__WHAT IS NEEDED__.
When you retype the data, keep every word exactly and include none of the pictures.

__PROVIDED MATERIAL__.

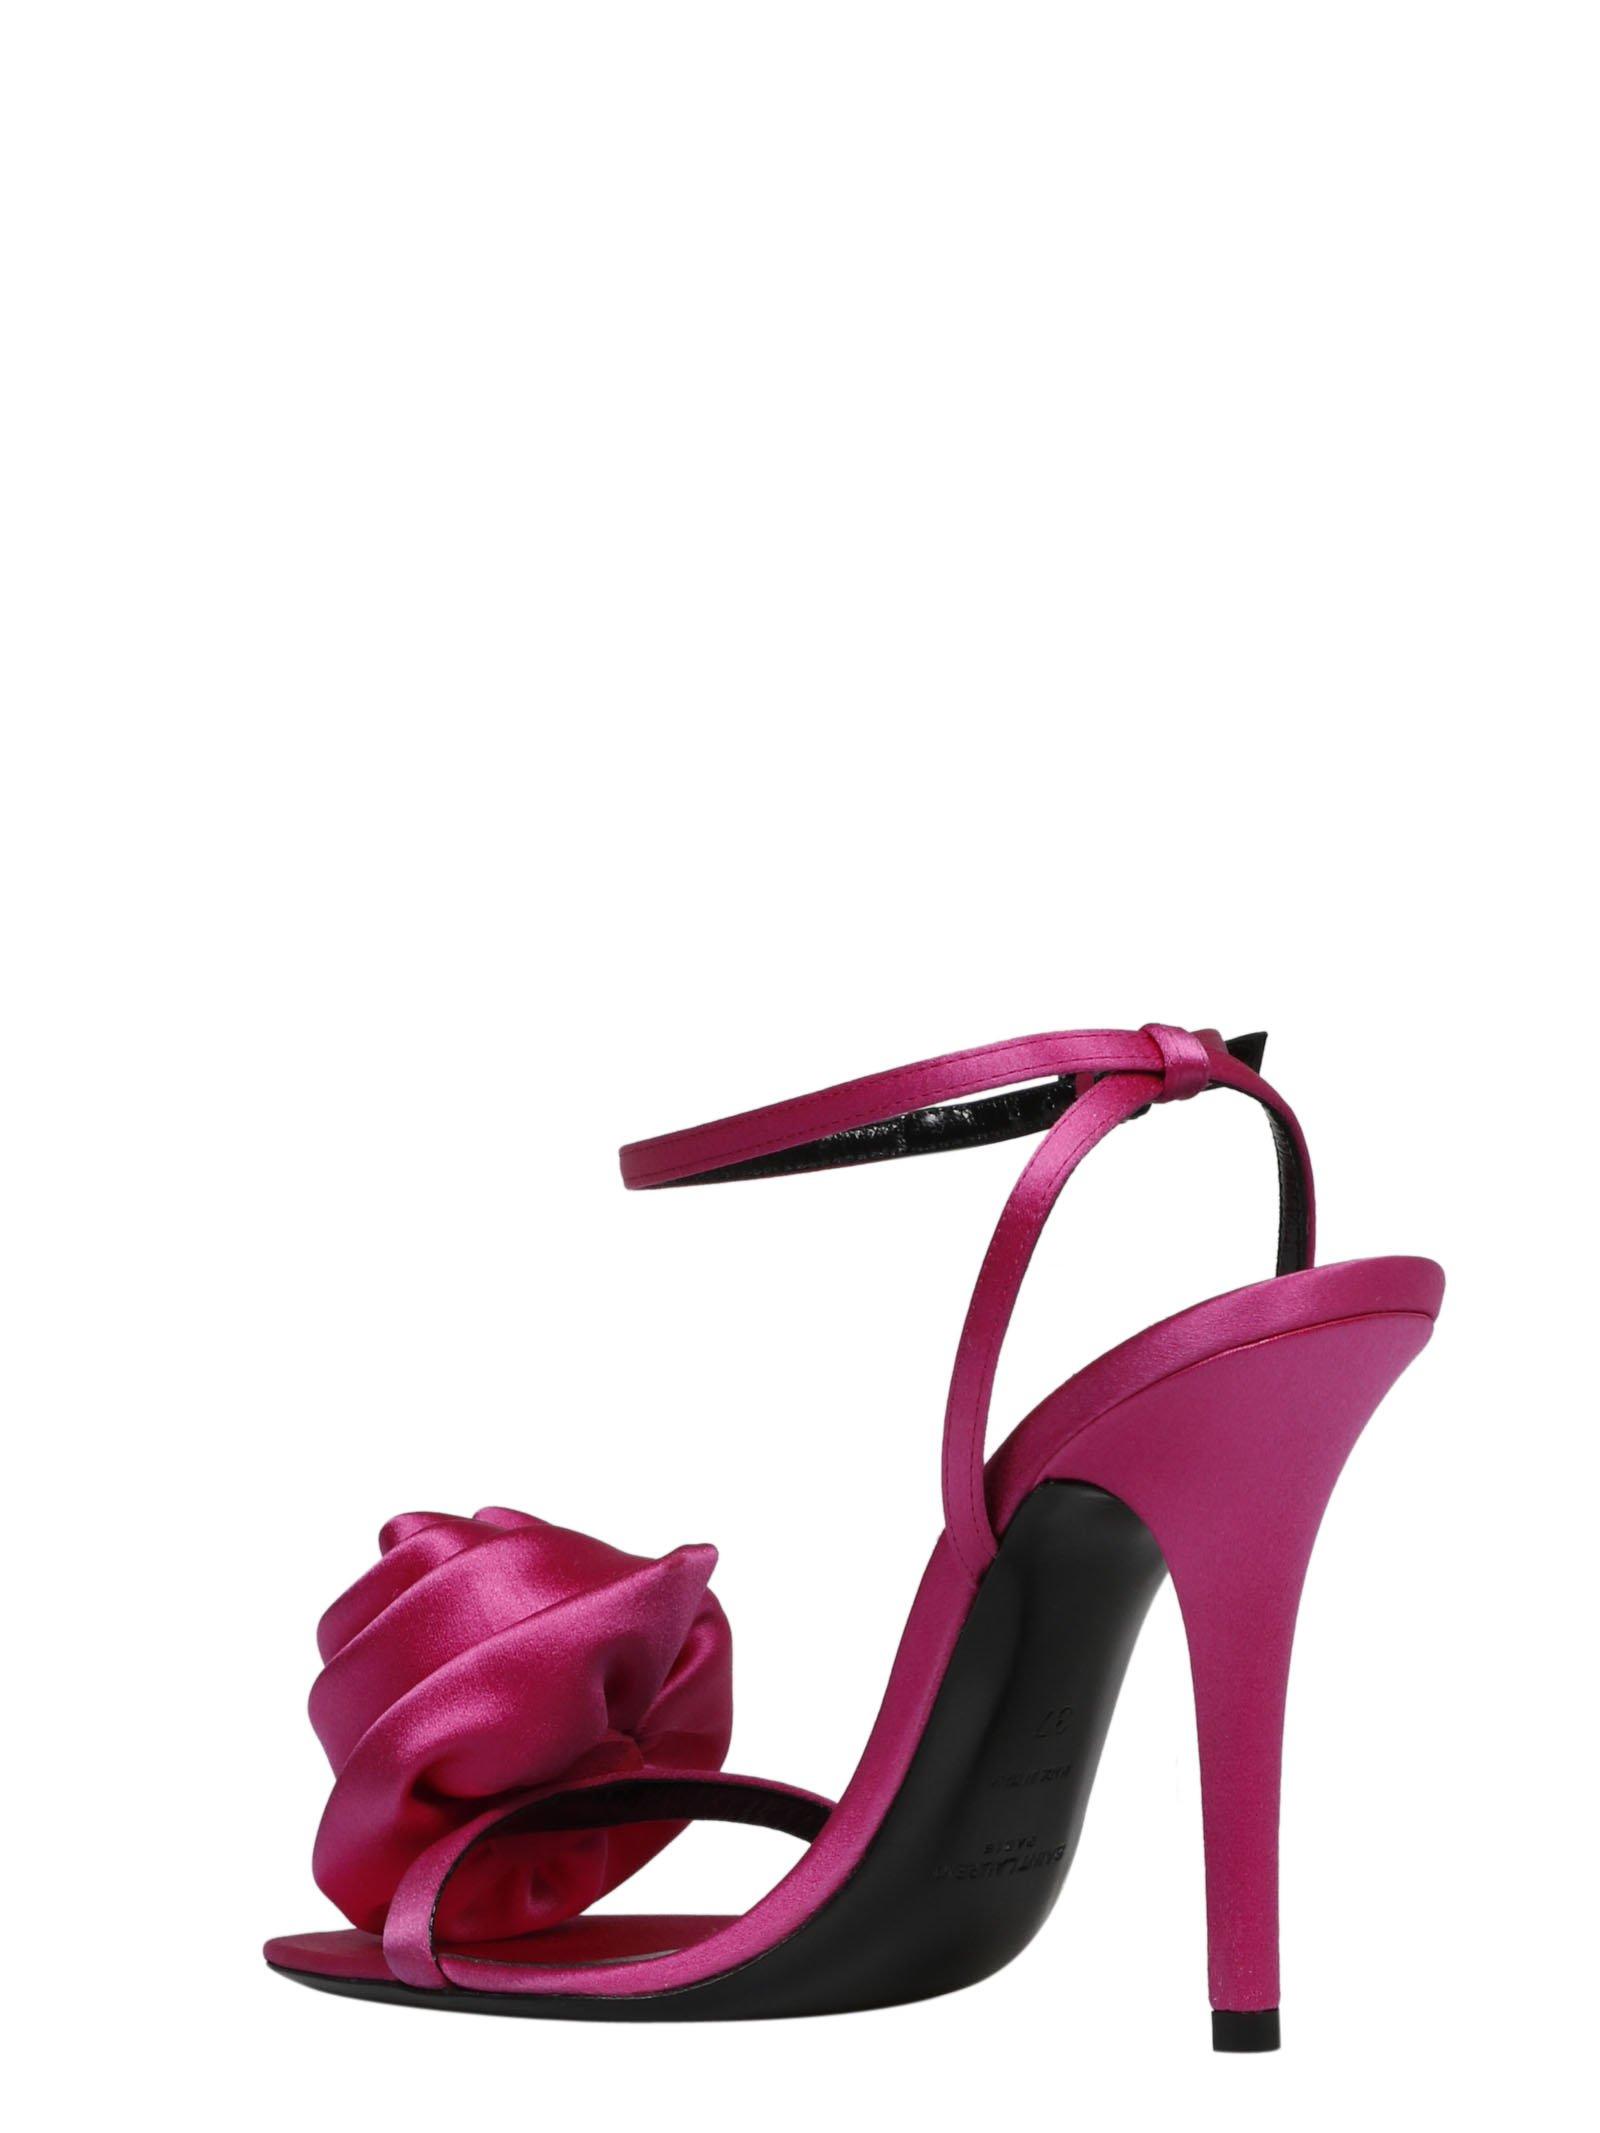 Saint Laurent Ivy Flower Sandals in Pink | Lyst
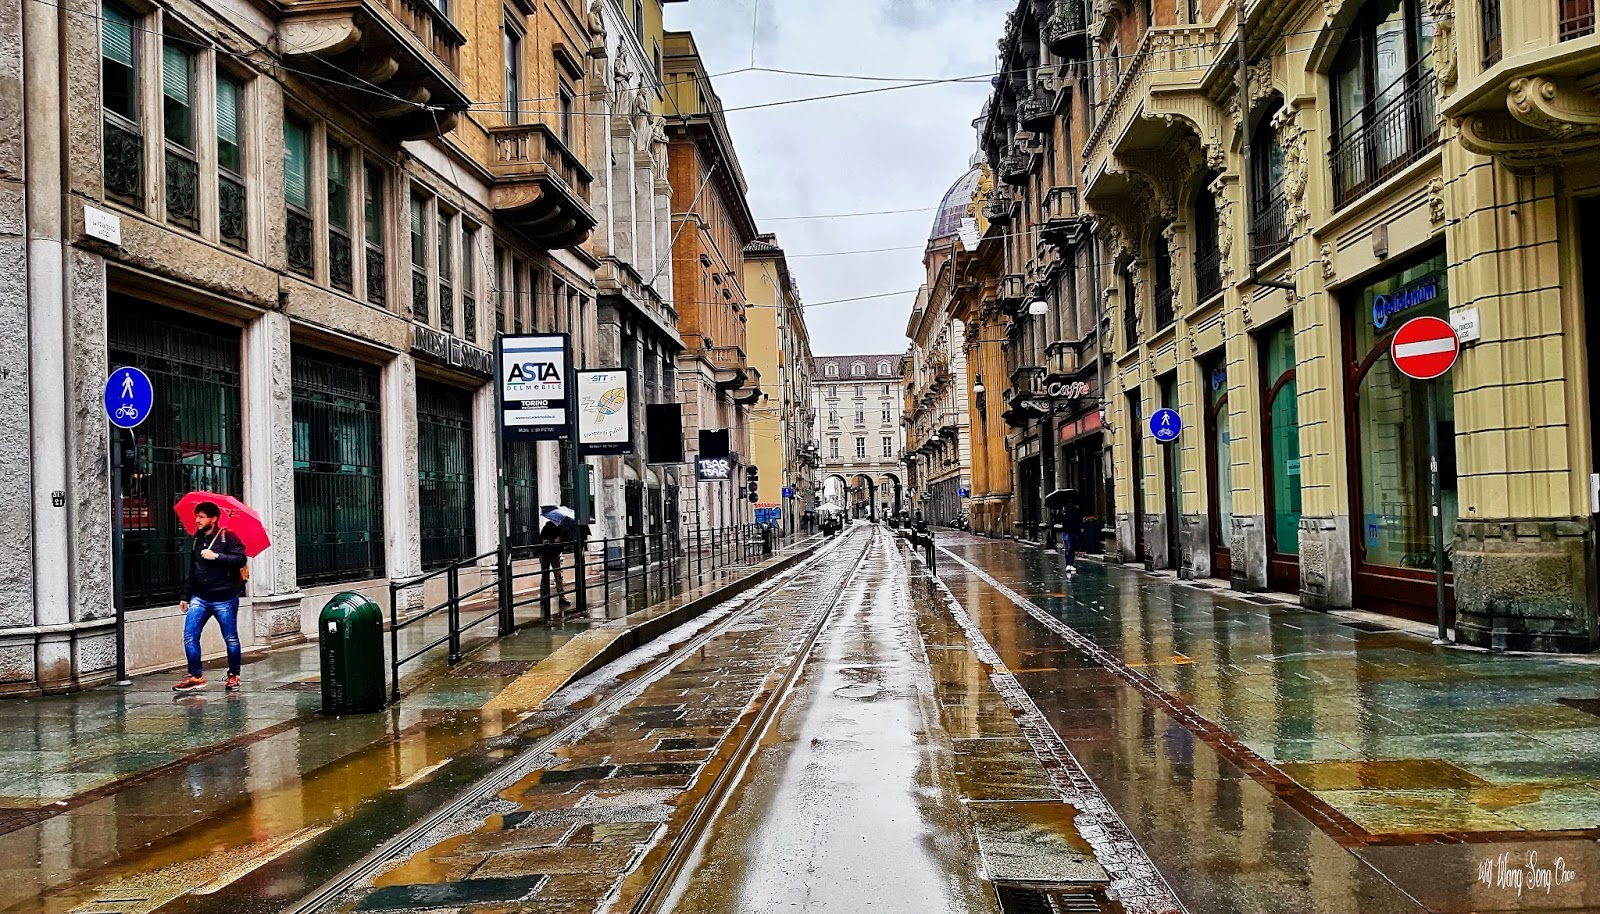 Street ed. Дождь и улица Агмашенебели. Переулки Бразилии. Переулок эстонский. Обои на телефон Rainy Street.
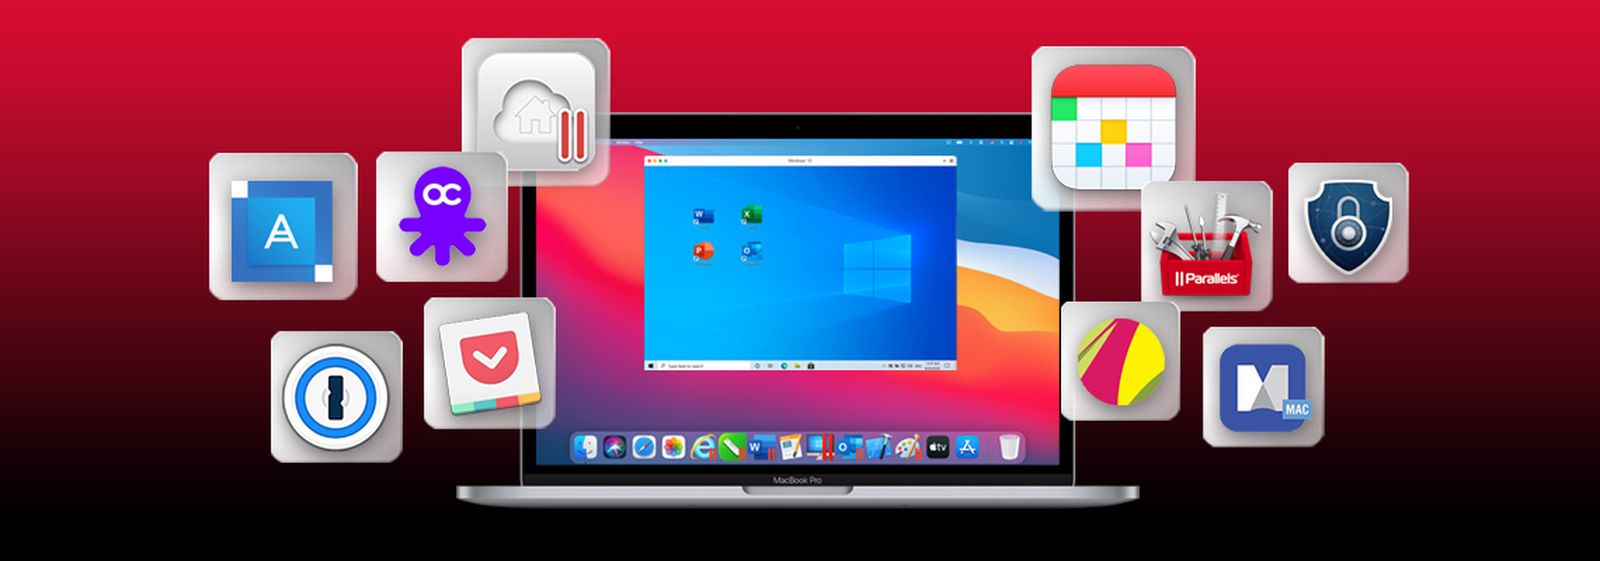 parallels desktop 12 for mac cheap
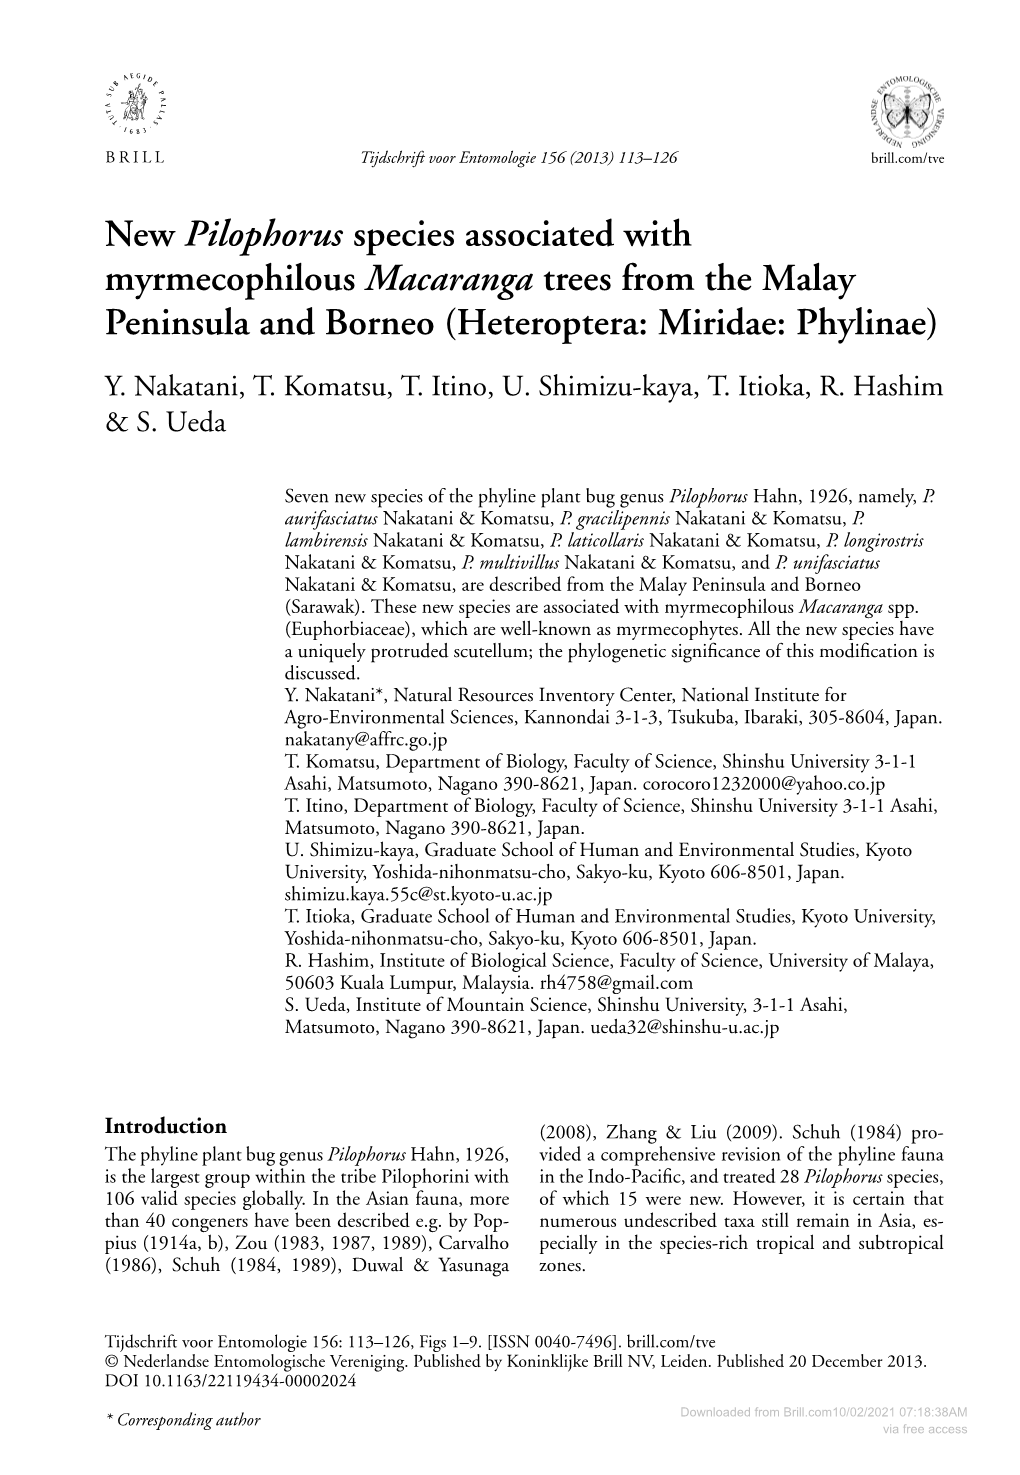 New Pilophorus Species Associated with Myrmecophilous Macaranga Trees from the Malay Peninsula and Borneo (Heteroptera: Miridae: Phylinae) Y

__TASK ANSWER__.
 Saint Laurent Ivy Flower Sandals in Pink | Lyst
 Street ed. Дождь и улица Агмашенебели. Переулки Бразилии. Переулок эстонский. Обои на телефон Rainy Street.
 parallels desktop 12 for mac cheap
 New Pilophorus Species Associated with Myrmecophilous Macaranga Trees from the Malay Peninsula and Borneo (Heteroptera: Miridae: Phylinae) Y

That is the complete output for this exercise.